Волнение вскоре раскатилось широкими рвами, но его все равно не укачало — сколько раз он путешествовал на Гавайи на свой день рождения, 1 июля, — четыре, пять, он в точности не помнит, в какой раз что с ним там происходило. Вельбот взбирался на волну и сходил с нее, становясь по мере спуска снова крошечным суденышком. Погода не способствовала наблюдению за китами, но горбачи как раз любили такую облачность, по неизвестной причине. Капитан вельбота знал излюбленное место кормежки за самой южной точкой острова. Там горбатые киты регулярно охотились на мелкую рыбу вблизи невидимого серебристого облака под водой, где собирались стаи морских птиц. Птицы работали вместе: одни ныряли под воду, чтобы заставить рыбу подняться на поверхность, другие атаковали сверху. Тяжеловесные буревестники и чайки, нырявшие неглубоко, вынуждены были охотиться у поверхности или подбирать пищу у собратьев, которые выпрастывались из глубины с рыбкой в клюве. Сбившаяся в плотный клубок, рыба становилась легкой добычей и для тюленей. Однако птичий гвалт рано или поздно привлекал внимание горбатого кита, который подплывал и одним глотком проглатывал весь косяк, оставив растерянных птиц искать пропавший корм.


* * *

Его последнее одинокое Рождество оказалось настолько плохим, насколько потом все казалось хорошим, но последним. Как обычно, его старший друг и хозяин Макс Нефт пригласил его на ужин в кругу семьи, однако Иосифу надоели праздники чужой жизни. Днем он доехал на трамвае до конечной в Санта-Монике и сел в одиночестве на скамейке, одну за другой выдергивал из пачки сигареты, писал в дневнике. Перечитал запись, сделанную годом ранее, когда Флора Качинская подарила ему томик Экзюпери, а он ей собранные им лично часики. Вот почему несколько раз он краснел, вспоминая ее прикосновения. В Санта-Монике погода была лучше. Над горизонтом призрачно светлели неподвижные облака — заснеженные вершины. Ему казалось, что он достиг равновесия. Восточный бриз развеял туман над побережьем, обнажив плеск волн, медленным дыханием приближавшихся к берегу.

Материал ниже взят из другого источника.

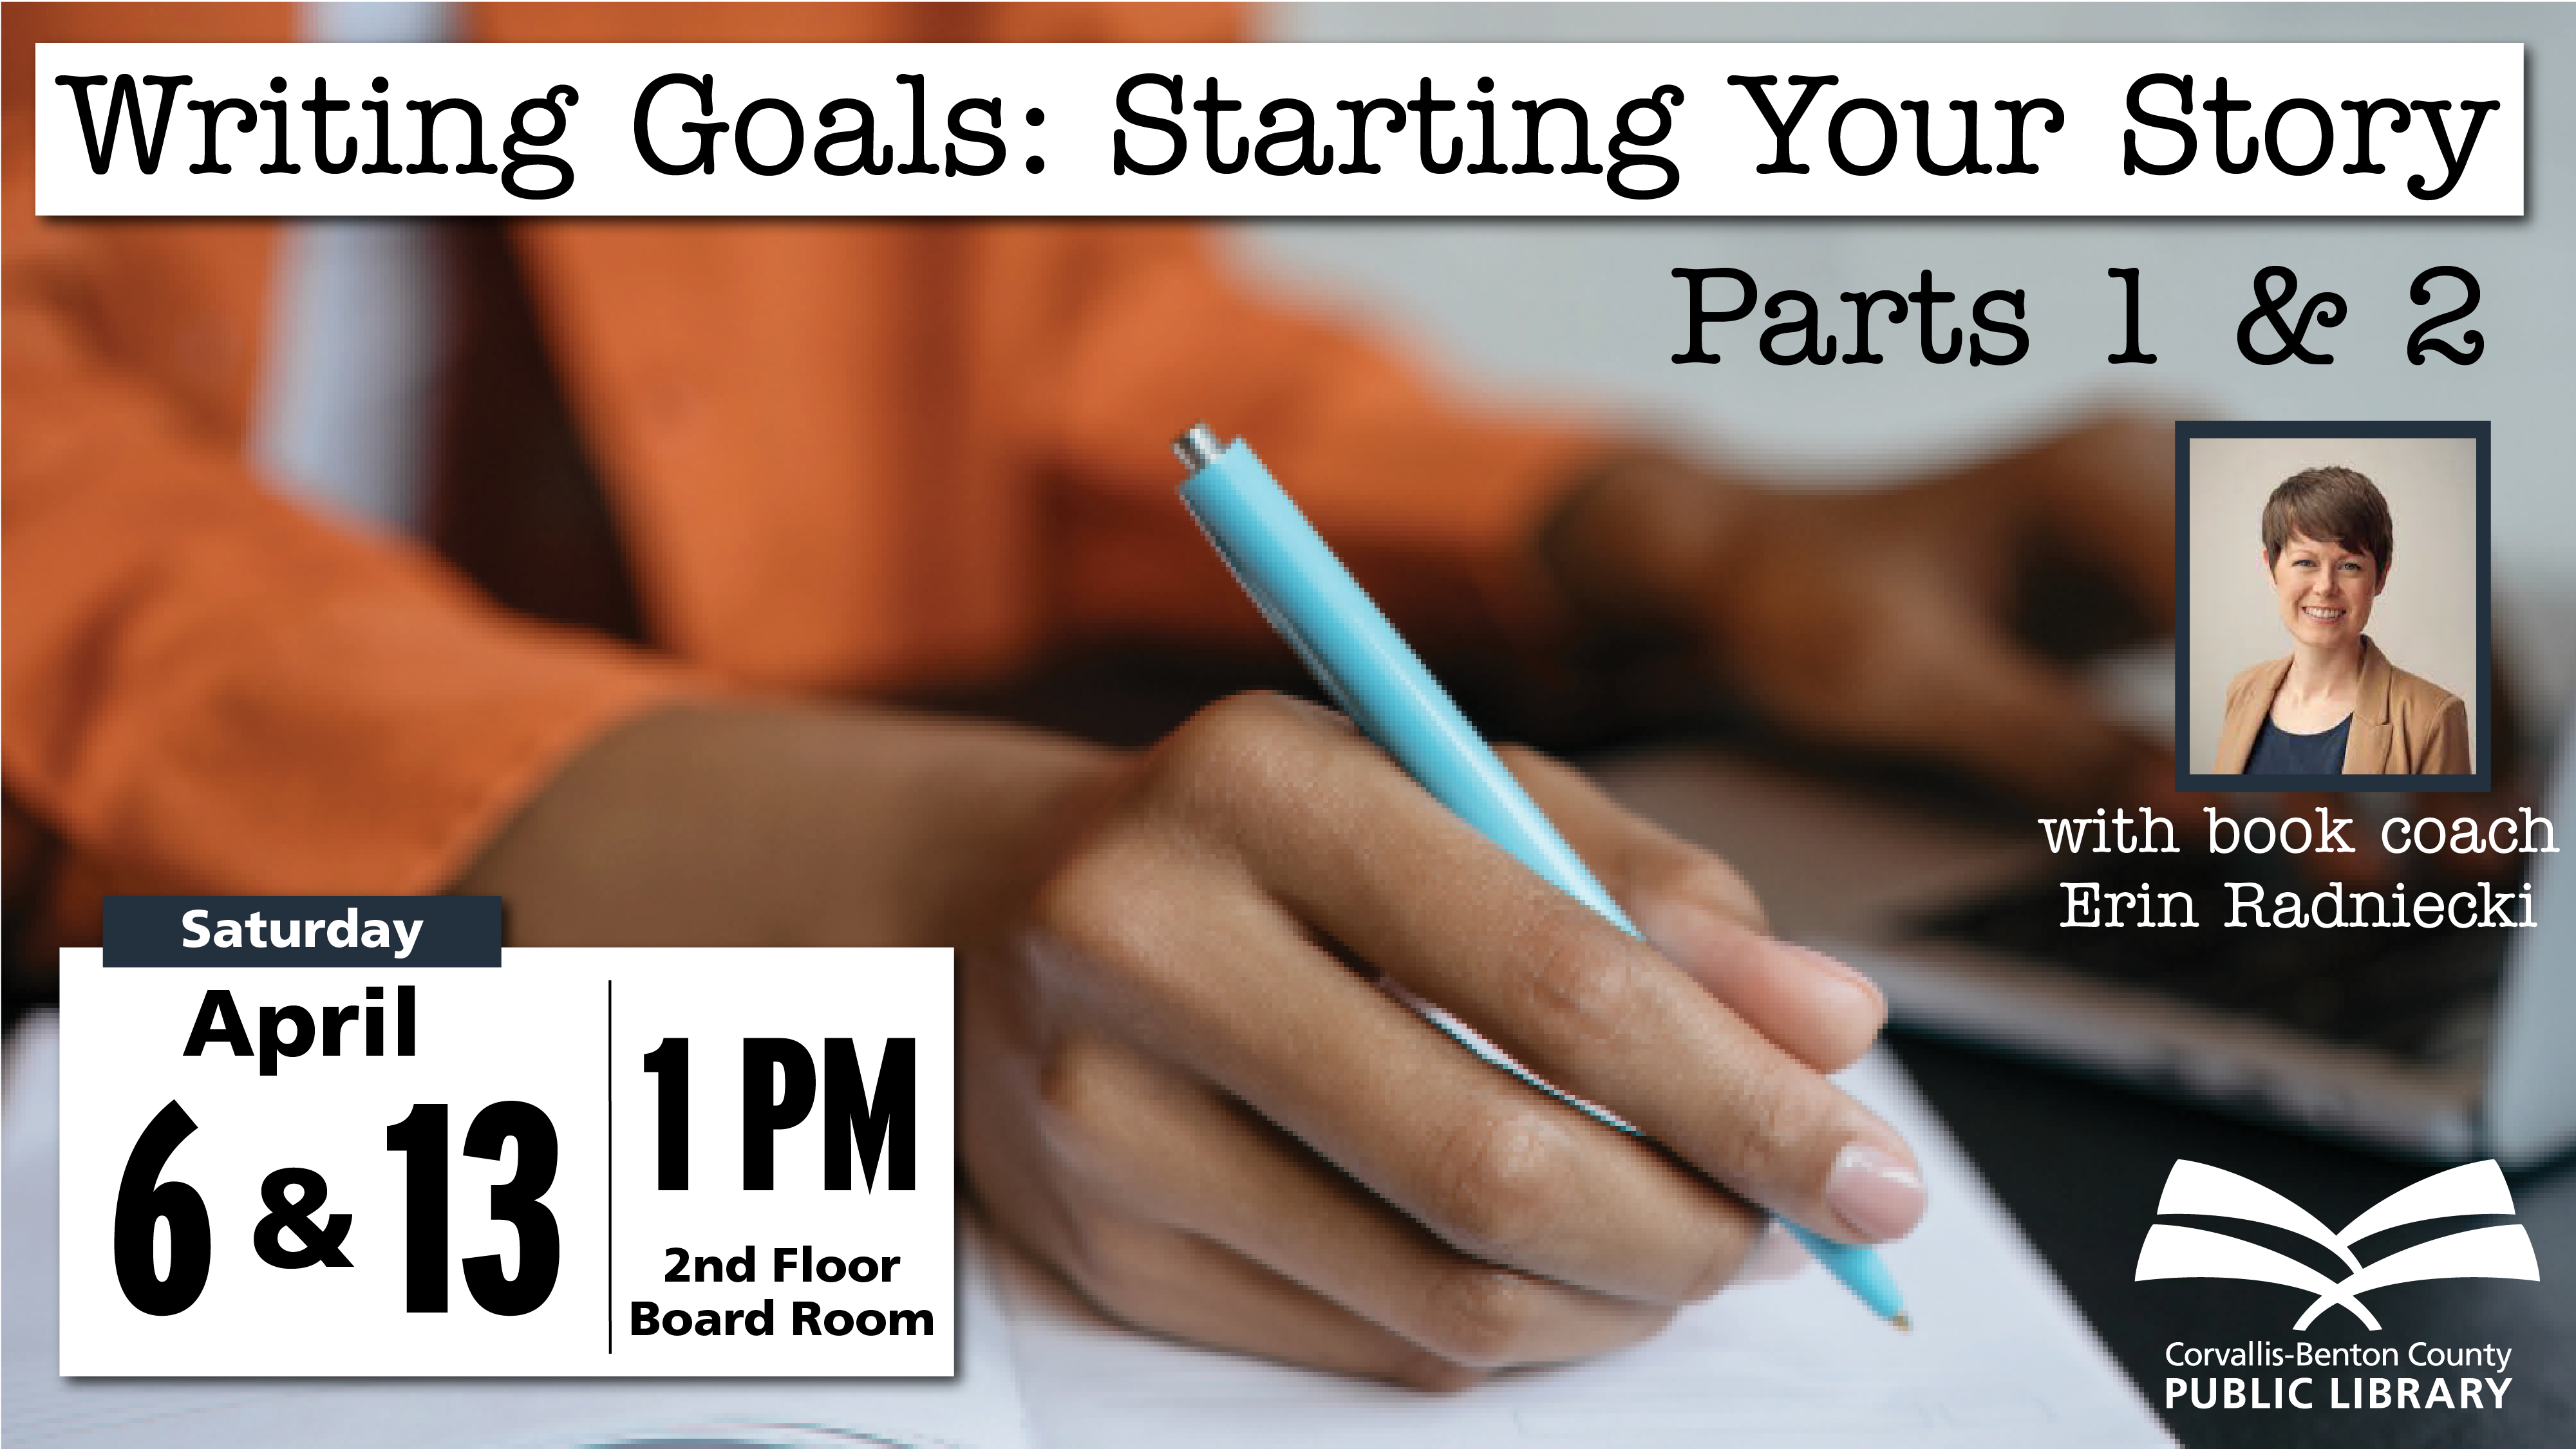 Writing Goals: Starting Your Story. Part 1: April 6, 1 PM. Park 2: April 13, 1 PM

Уставшее солнце, клонясь к закату, напоминало о том, что жизнь проходит. Внешнее спокойствие уравновешивало бремя, которое тяготило его последние месяцы, — бремя одиночества и чего-то менее определенного, смутного страха. Он снова был недостаточно интересен для себя, чтобы терпеть и сидеть в сторонке, недостаточно привлекателен, чтобы притягивать взгляды проходящих мимо матерей семейств, недостаточно силен, чтобы никто не беспокоил его долго, и достаточно умен, чтобы понимать, что никто по нему не прольет слез, никто, чужие слезы — это лишь мечты. И когда солнце окончательно погрузилось в туман, он встал и, не торопясь, пошел домой, не замечая взглядов прохожих.


* * *

В 1952 году в Лос-Анджелесе коммунист Качинский заплатил за могилу своего друга и коллеги по часовой мастерской Иосифа Розенбаума 90 долларов — в то время как в 1921 году, когда Иосиф на судне Seyo-Мaru прибыл в Калифорнию, в его кармане было 70 долларов. На памятнике — черной мраморной плите, кроме имени на иврите, было написано: Joe Rosenbaum Born in Baku 1 July 1886 Died 18 February 1952.


* * *

Влюбленный в Флору Качинскую и заколдованный ею — Иосиф отправляется на полигон Nevada Proving Ground и там занимается нелегальным наблюдением за теми разрушениями, которые были произведены атомными взрывами. На полигоне Иосиф встречает призраков, которые, может быть, как и он, сталкеры; а может быть, это легендарные индейские Black Watchers — те загадочные существа, которые наблюдают за местностью: их темные силуэты можно встретить на труднодоступных уступах.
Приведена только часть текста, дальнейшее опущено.